▸ THE PROBLEM:
Locate every line below that contains the word "With" and copy it.
━━━━━━━━━━
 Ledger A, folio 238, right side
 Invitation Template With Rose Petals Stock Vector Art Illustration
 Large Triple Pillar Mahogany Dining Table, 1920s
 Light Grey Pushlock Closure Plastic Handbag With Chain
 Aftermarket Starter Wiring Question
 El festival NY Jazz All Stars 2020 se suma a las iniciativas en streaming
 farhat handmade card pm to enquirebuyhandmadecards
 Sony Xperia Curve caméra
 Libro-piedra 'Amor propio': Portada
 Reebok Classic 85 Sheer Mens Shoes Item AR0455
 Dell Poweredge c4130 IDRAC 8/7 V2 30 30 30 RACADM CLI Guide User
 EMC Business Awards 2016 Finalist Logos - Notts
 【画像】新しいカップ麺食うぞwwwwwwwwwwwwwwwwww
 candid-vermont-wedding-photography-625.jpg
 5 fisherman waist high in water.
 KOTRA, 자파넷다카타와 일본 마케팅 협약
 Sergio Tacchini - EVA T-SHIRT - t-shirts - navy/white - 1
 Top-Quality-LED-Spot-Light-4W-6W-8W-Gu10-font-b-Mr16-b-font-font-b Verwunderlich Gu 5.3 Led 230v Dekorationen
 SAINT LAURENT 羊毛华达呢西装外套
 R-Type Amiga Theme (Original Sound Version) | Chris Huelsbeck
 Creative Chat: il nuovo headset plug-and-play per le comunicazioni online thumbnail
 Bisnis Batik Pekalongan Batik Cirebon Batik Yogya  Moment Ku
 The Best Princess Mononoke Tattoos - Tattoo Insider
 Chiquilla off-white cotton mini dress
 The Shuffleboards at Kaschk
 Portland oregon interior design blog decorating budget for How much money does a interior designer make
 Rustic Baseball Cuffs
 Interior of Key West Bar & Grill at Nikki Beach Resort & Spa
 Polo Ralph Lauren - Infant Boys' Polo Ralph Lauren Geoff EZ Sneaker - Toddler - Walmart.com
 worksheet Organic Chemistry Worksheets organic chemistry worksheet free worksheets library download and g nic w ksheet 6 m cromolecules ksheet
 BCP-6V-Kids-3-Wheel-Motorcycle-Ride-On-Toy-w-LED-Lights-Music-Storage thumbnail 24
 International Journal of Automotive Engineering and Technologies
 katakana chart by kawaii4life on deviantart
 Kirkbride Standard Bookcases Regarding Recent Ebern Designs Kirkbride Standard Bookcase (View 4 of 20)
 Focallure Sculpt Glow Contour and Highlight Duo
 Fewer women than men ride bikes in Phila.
━━━━━━━━━━
▸ EXERCISE RESPONSE:
 Invitation Template With Rose Petals Stock Vector Art Illustration
 Light Grey Pushlock Closure Plastic Handbag With Chain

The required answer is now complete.